Źle mnie zrozumiałaś. Ja nikomu tutaj nie sugeruję jakimi metodami ma uprawiać swój ogródek. Przyjmijmy, że każdy robi tak jak jemu jest wygodnie. Chodzi mi konkretnie o to, że wszyscy jesteśmy narażani na to, iż oferuje nam się towar niezgodny z normami lub jego opis jest mało dla nas czytelny. Dotyczy to zarówno osób które używają środków chemicznych jak i tych którzy opierają wygląd swojego ogrodu na materiałach i substancjach organicznych.
Poll. Zasady ekonomii są takie, że z produktu który nie spełnia naszych oczekiwań można zrobić ,,złoty środek". Wystarczy odpowiedni pijar (PR), piękne opakowanie z różową wstążeczką i umowa ze sprzedawcą, że towar z napisem ,,okazja" lub ,,promocja" będzie stał przez trzy miesiące przy samym wejściu do sklepu na wysokości naszych oczu.

Zatem prosiłbym aby w dalszych wypowiedziach nie odnosić się do mojej osoby i do moich metod dbałości o ogródek, a do metod i towaru jaki proponują nam producenci za pośrednictwem handlowców. To w ich oczach jesteśmy frajerami których można golić byle jakim towarem często nam niepotrzebnym lub nie spełniającym przypisywanych mu właściwości i funkcji.
Dlatego Poll tytuł tego wątku zawarty jest w cudzysłowiu i nie ma nic wspólnego z moim stanowiskiem czy też z ironicznym podejściem do współużytkowników forum.
,,OGRÓD KTÓRY ŻYJE W ZGODZIE Z NATURĄ, ŻYJE PEŁNIĄ ŻYCIA."
mój wątek-OGRÓD W HARMONII Z NATURĄ

"www.twojapogoda.pl/polska/mazowieckie/warszawa
Ostatnio zmieniany: 24 Sty 2014 02:34 przez waldek727.
Za tę wiadomość podziękował(a): sd-a, nilbul

,,Golić frajerów" 23 Sty 2014 23:23 #217261

  • Hiacynta
  • Hiacynta's Avatar
  • Offline
  • Administrator
  • gg 9117859
  • Posty: 14122
  • Otrzymane dziękuję: 10443
Działania marketingowe są stare jak świat i nie ma się co o nie obrażać :)
Jedni mają talent do wytwarzania, innych kręci sprzedawanie, a niemal wszystkich nakręcają zakupy :)

Prawdę mówiąc wolę być mamiona i kuszona mnóstwem niepotrzebnych rzeczy, bo pamiętam czasy kupowania na kartki kiełbasy marki kiełbasa, butów na talony o fasonie ogólnobezpłciowym całorocznym, a kolorze trudnym do identyfikacji.

Czasem rezygnuję z zakupów, bo nie wiem, co mam wybrać, ale naprawdę bardziej mi to się podoba, niż lizanie zza szyby towaru dla wybranych.

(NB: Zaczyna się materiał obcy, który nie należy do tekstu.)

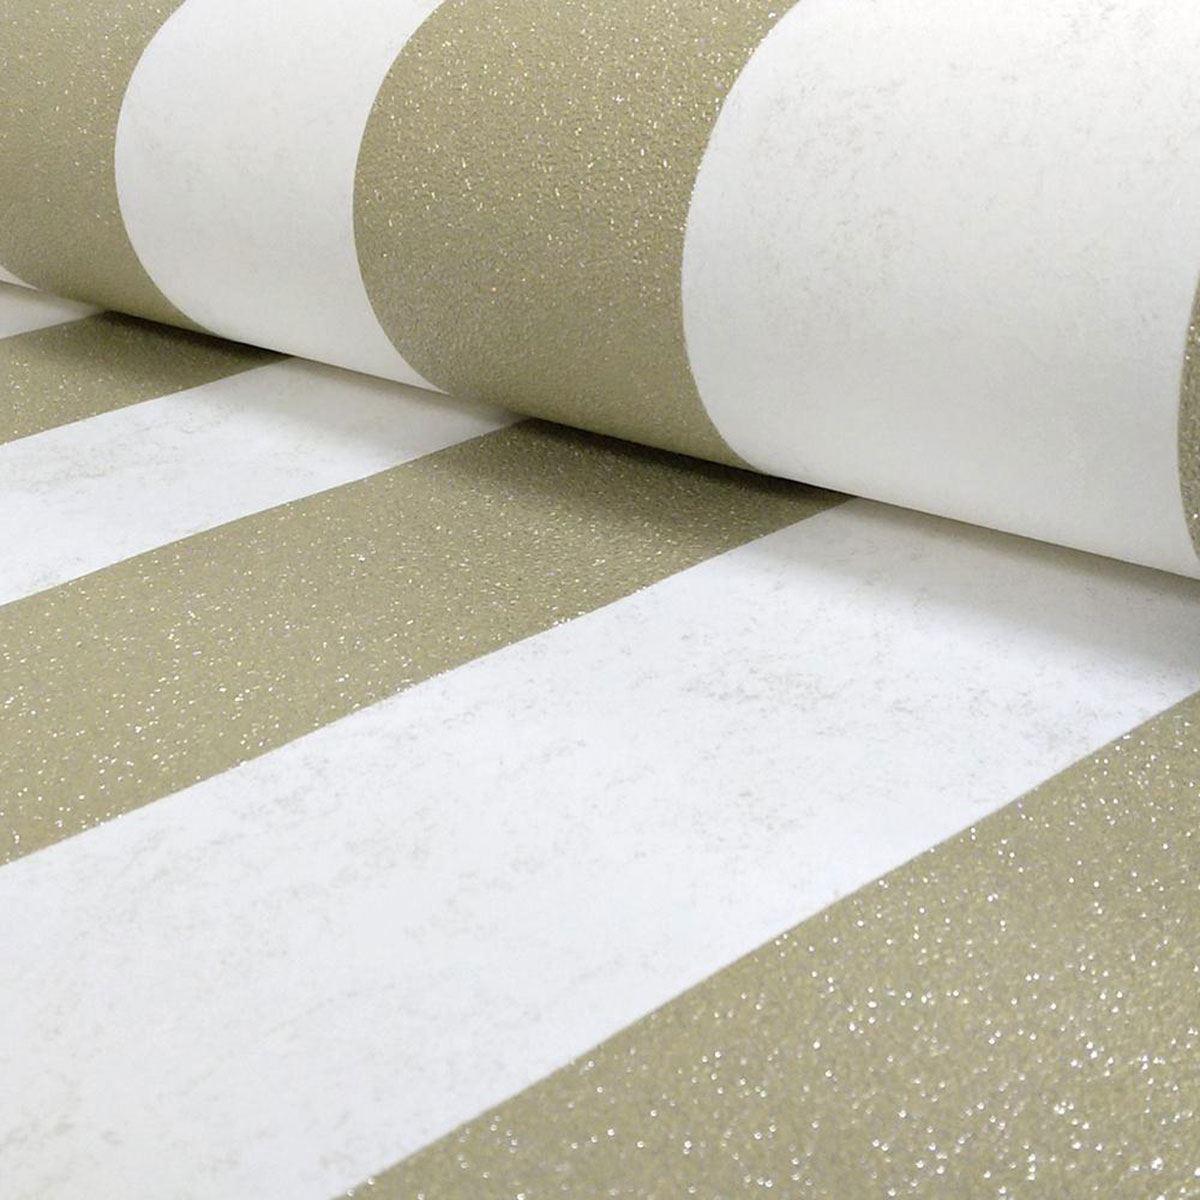 Silver Bedroom Wallpaper Pamps Carat Glitter Stripe Wallpaper Black Cream Silver Gold

A i w temacie nawozów oraz innych środków stosowanych w rolnictwie, na działkach i w ogrodach nie ma jasności, co jest czarne, a co białe.
Nie bardzo przekonują mnie eksperymenty o charakterze werbalnym oraz nośne i łatwo wpadające w ucho frazy z niektórych książek, bo to też jest element marketingu :) Wolę sięgnąć do badań prowadzonych przez naukowców, chociaż ich teksty często są takie, że można przysnąć nawet pijąc kawę :)

Ostatnio wyczytałam np., że stosowanie biostymulatorów fitohormonalnych zwiększa znacząco plonowanie, ale zmniejsza liczebności bakterii i promieniowców, obniżając tym samym jakość i żyzność gleby.

Z kolei stosowanie uśrednionych dawek nawozów azotowych zwiększa ilość bakterii i promieniowców w stosunku do gleby nie nawożonej.
Stosowanie zaś wysokich dawek nawozów azotowych zmniejsza ilość bakterii w pierwszym roku, ale zwiększa znacząco ich ilość w roku kolejnym.

Można też na sprawę nawożenia spojrzeć inaczej i zadać pytanie, czy bardziej ekologiczne jest zastosowanie w ogrodzie azofoski czy gnojówki z pokrzywy uzbieranej przy ruchliwej drodze (bo jaka droga teraz jest spokojna)?
A co ma zrobić osoba pracująca, posiadająca rodzinę, która zwyczajnie nie ma możliwości poszukiwania pokrzyw rosnących z dala od źródeł ołowiu?
Za tę wiadomość podziękował(a): Adrian89

,,Golić frajerów" 23 Sty 2014 23:25 #217263

  • Poll
  • Poll's Avatar
waldek727 wrote:
Poll. Zasady ekonomii są takie, że z produktu który nie spełnia naszych oczekiwań można zrobić ,,złoty środek". Wystarczy odpowiedni pijar (PR), piękne opakowanie z różową wstążeczką i umowa ze sprzedawcą, że towar z napisem ,,okazja" lub ,,promocja" będzie stał przez trzy miesiące przy samym wejściu do sklepu na wysokości naszych oczu.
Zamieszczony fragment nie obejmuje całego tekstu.